Monolayer to multilayer nanostructural growth transition in N-type oligothiophenes on Au(111) and implications for organic field-effect transistor performance

Geetha R. Dholakia*, M. Meyyappan, Antonio Facchetti, Tobin J. Marks

*Corresponding author for this work

Research output: Contribution to journalArticle

65 Scopus citations

Abstract

The evolution in growth morphology and molecular orientation of n-type semiconducting α,ω-diperfluorohexyl-quaterthiophene (DFH-4T) on Au(111) is investigated by scanning tunneling microscopy and scanning tunneling spectroscopy as the film thickness is increased from one monolayer to multilayers. Monolayer-thick DFH-4T films are amorphous and morphologically featureless with a large pit density, whereas multilayer films exhibit drastically different terraced structures consisting of overlapping platelets.
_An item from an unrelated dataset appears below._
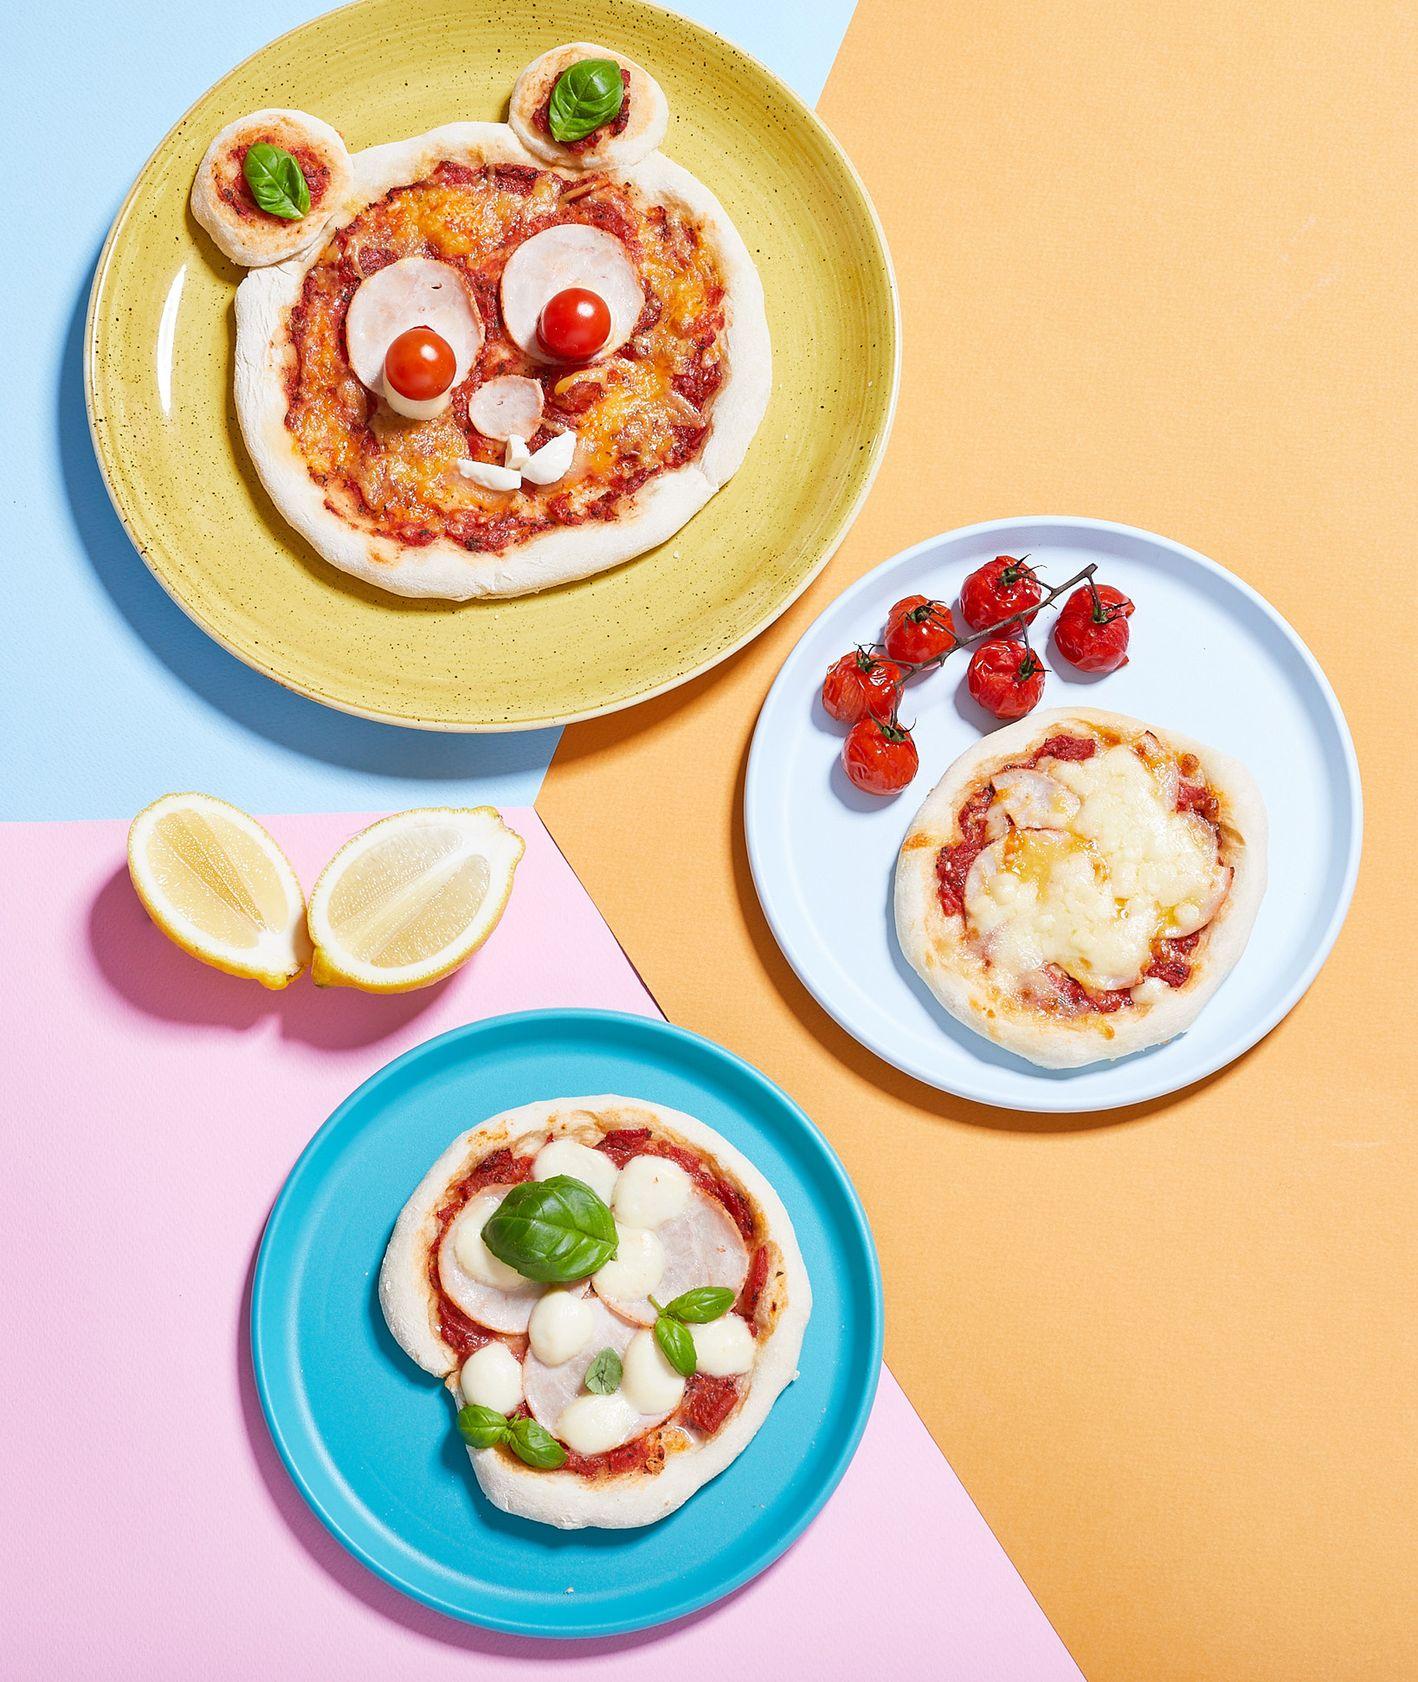 Pizza (fot. Maciek Niemojewski)

Large changes in DFH-4T molecular orientation are observed on transitioning from two to four monolayers. Parallel electrical characterization of top-versus-bottom contact configuration DFH-4T FETs with Au source/drain electrodes reveals greatly different mobilities (μTOP = 1.1 ± 0.2 10-2 cm2V-1s-1 versus μBOTTOM = 2.3 ± 0.5 10-5 cm2V -1V-1) and contact resistances (RC-TOP = 4-12 MΩcm vs RC-BOTTOM > 1 GΩcm). This study provides important information on the organic semiconductor-source\drain electrode interfaces and explains why top-contact OFET devices typically have superior performance. By direct visualization, it demonstrates that the DFH-4T film growth transition from monolayer to multilayer on Au is accompanied by dramatic morphology and molecular orientation changes, starting from an amorphous, pitted, and disordered monolayer, to crystalline and smooth bi/tetralayers but with the molecules reoriented by 90°. These chemisorption-derived inhomogenities at the contact-molecule interface and the large monolayer → multilayer → bulk microstructural changes are in accord with the large bottom-contact device resistance and poor OFET performance.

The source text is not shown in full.